— AVAILABLE DATA —
╭──

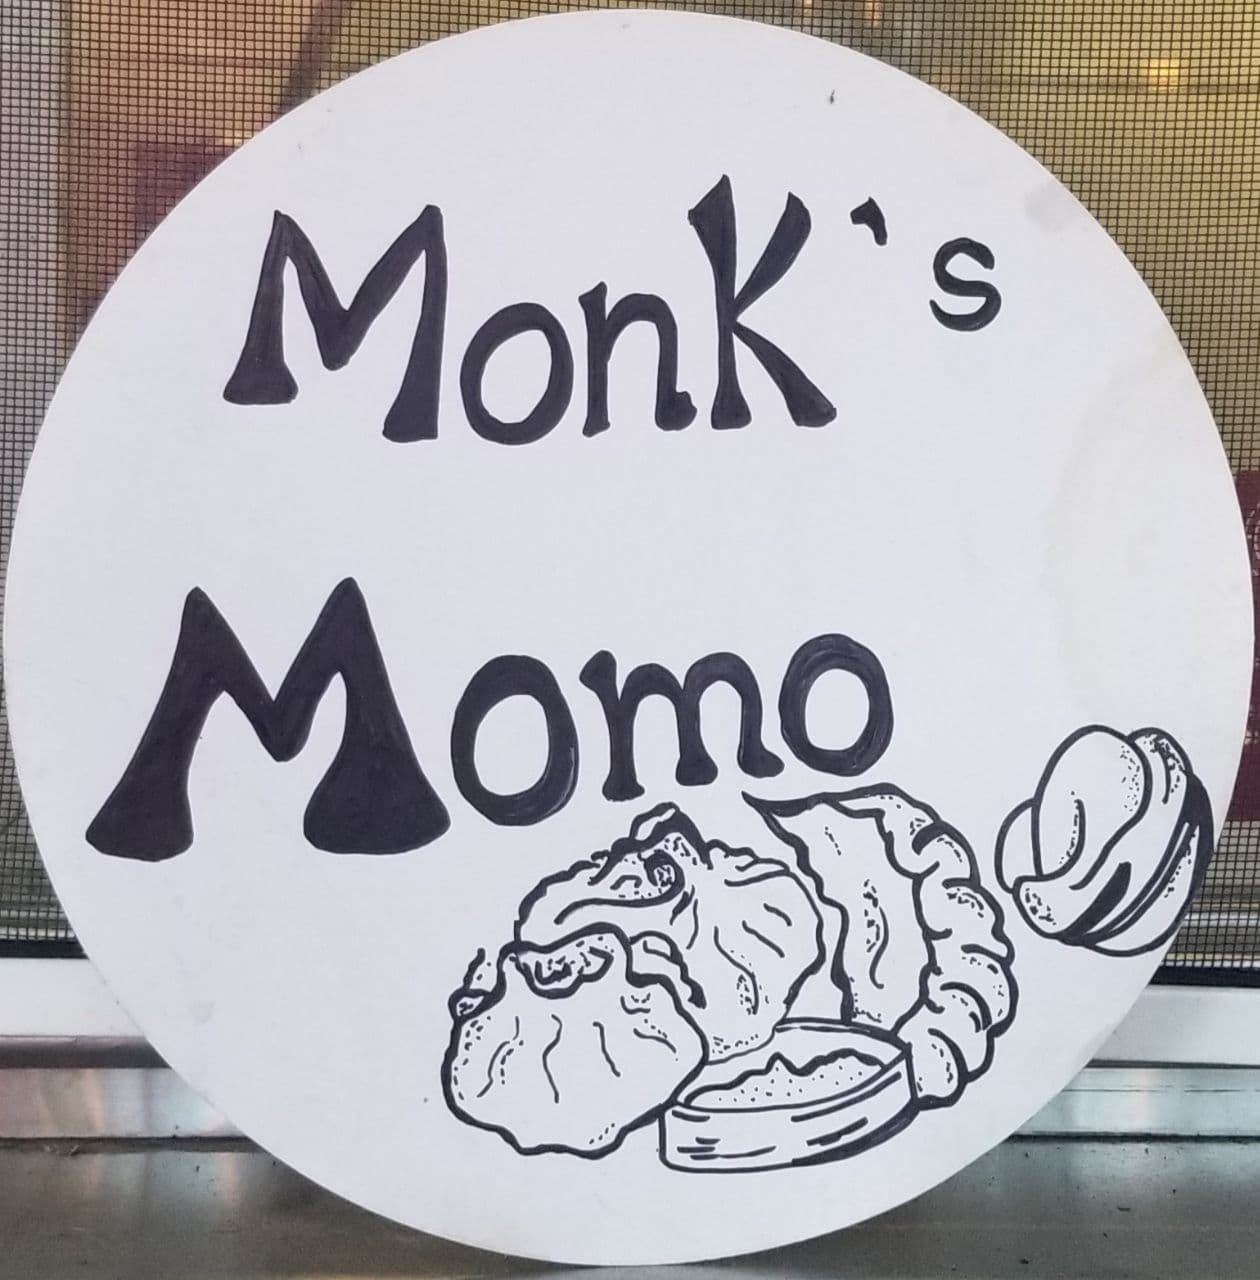 Monk's Momo
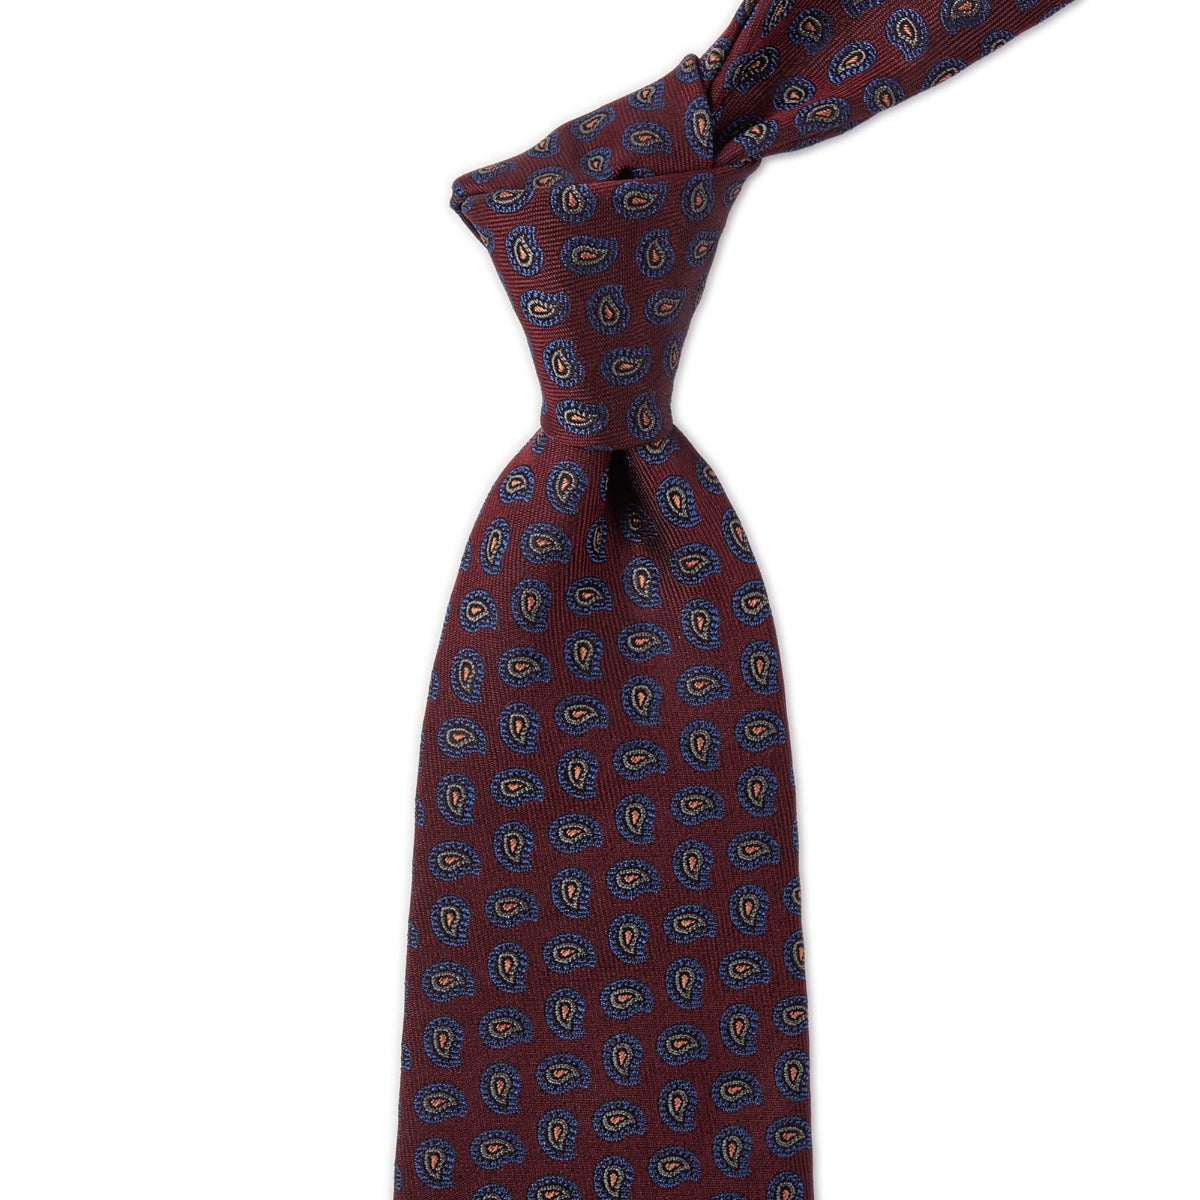 A Sovereign Grade Burgundy Paisley Jacquard Silk Tie by KirbyAllison.com, showcasing quality craftsmanship.
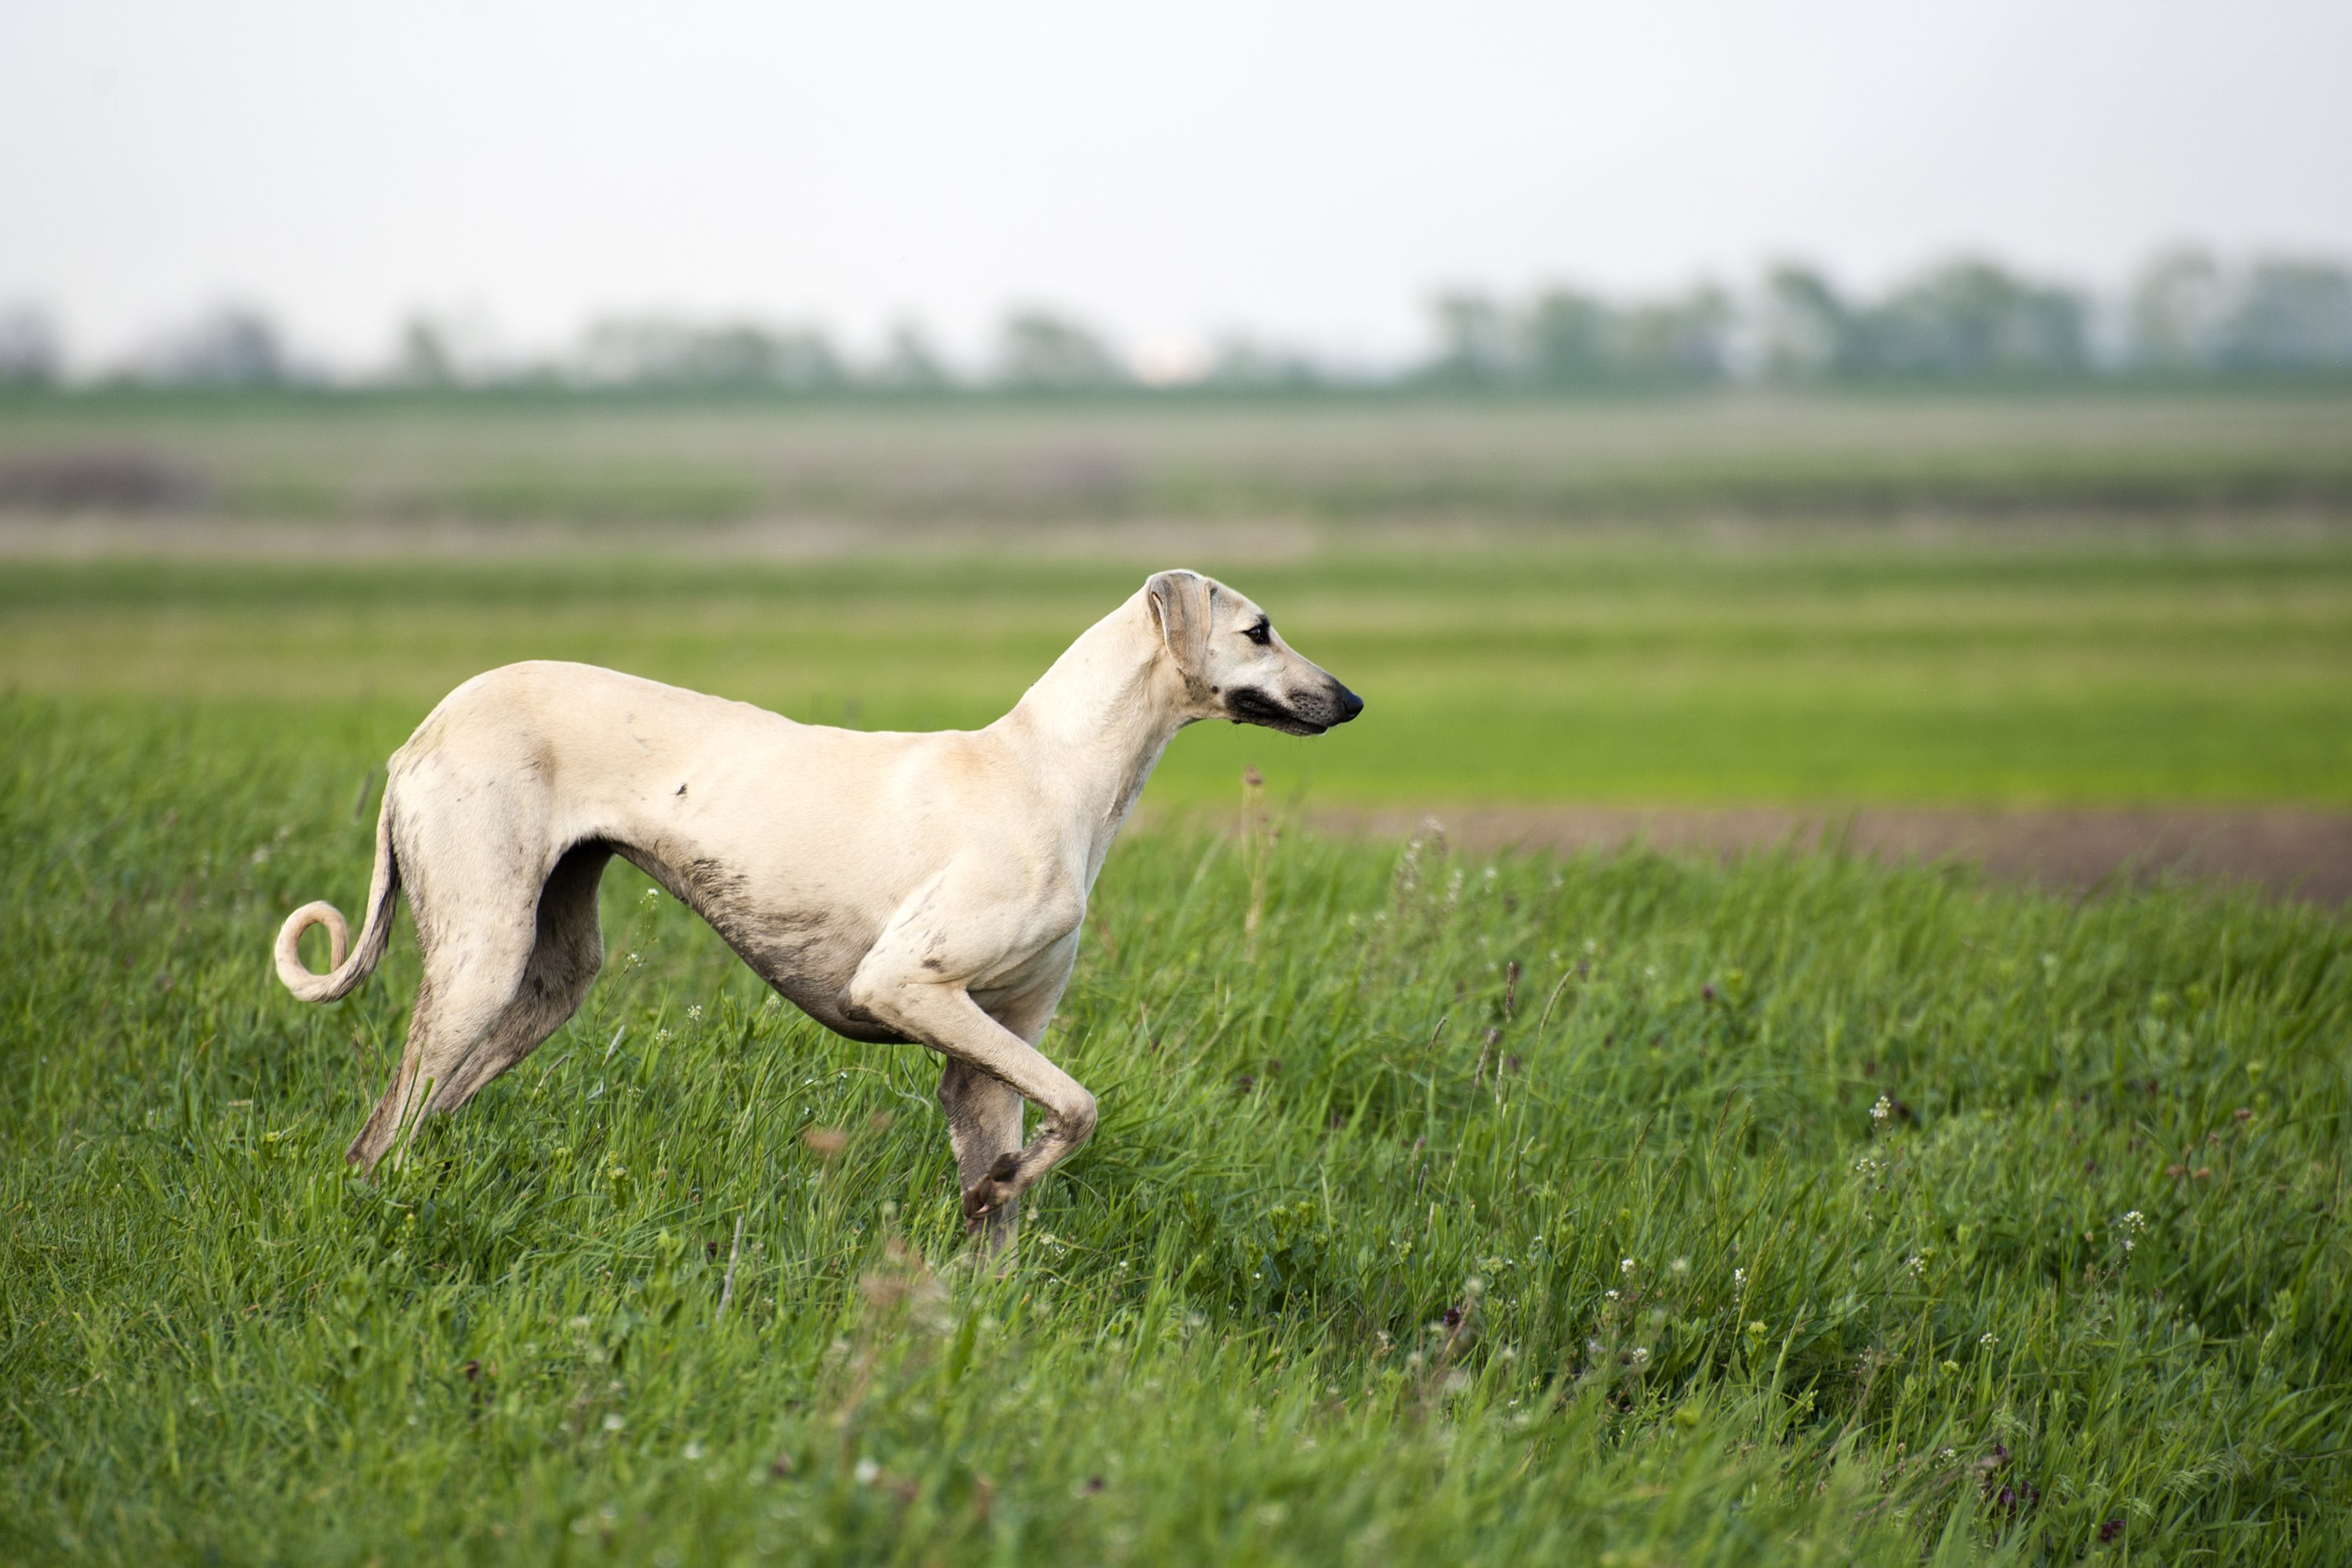 tan sloughi dog walking through an open grassy field

╰──

Each line from the one with "A Sovereign Grade" to the final line of the data above is to be printed exactly; no picture should appear in the copy.

 A Sovereign Grade Burgundy Paisley Jacquard Silk Tie by KirbyAllison.com, showcasing quality craftsmanship.
 tan sloughi dog walking through an open grassy field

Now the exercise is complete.